Clair (2016 population: 781) is a former Canadian village in Madawaska County, New Brunswick.

History

Situated on the Saint John River opposite Fort Kent, Maine. The name Clair finds its roots in the community named for County Clare in Ireland. The name of the village is the result of the railroad station being located near the General store of James T. Clair.  The station was called Clair's and was a regular stop of the Temiscouata Railway on its way up to the Connors station.  Over time, the name stuck and was shortened to the family name of Clair.  The original name of the location was actually "La Petite Décharge" named after the discharge of the small "ruisseau des Lang" into the Saint John River.
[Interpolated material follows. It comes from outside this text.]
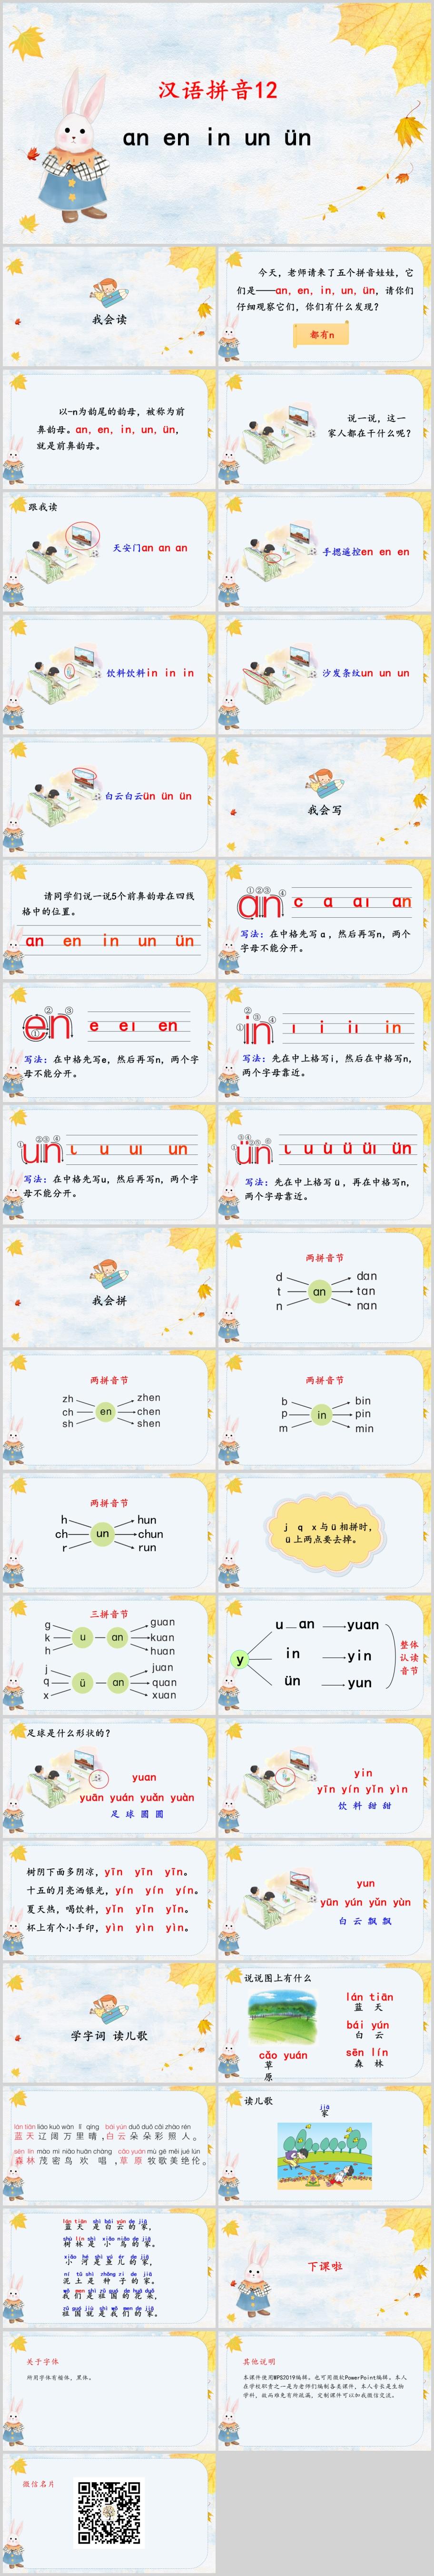 汉语拼音12all.jpg

Forestry is the basis of the local economy.

The Clair – Fort Kent Bridge crosses the International Boundary to link both communities.

Demographics

Population trend

Mother tongue language (2016)

Attractions
The local Roman Catholic church houses noted religious artwork, including stained-glass windows from the workshop of Belgian artist José Gaterrath and the Stations of the Cross by the famous Spanish ceramist Jordi Bonet.

Notable people

See also
List of communities in New Brunswick

References

External links
Centre d'Apprentissage du Haut Madawaska is the primary public school in Clair (k - 8)

Communities in Madawaska County, New Brunswick
Former villages in New Brunswick
New Brunswick populated places on the Saint John River (Bay of Fundy)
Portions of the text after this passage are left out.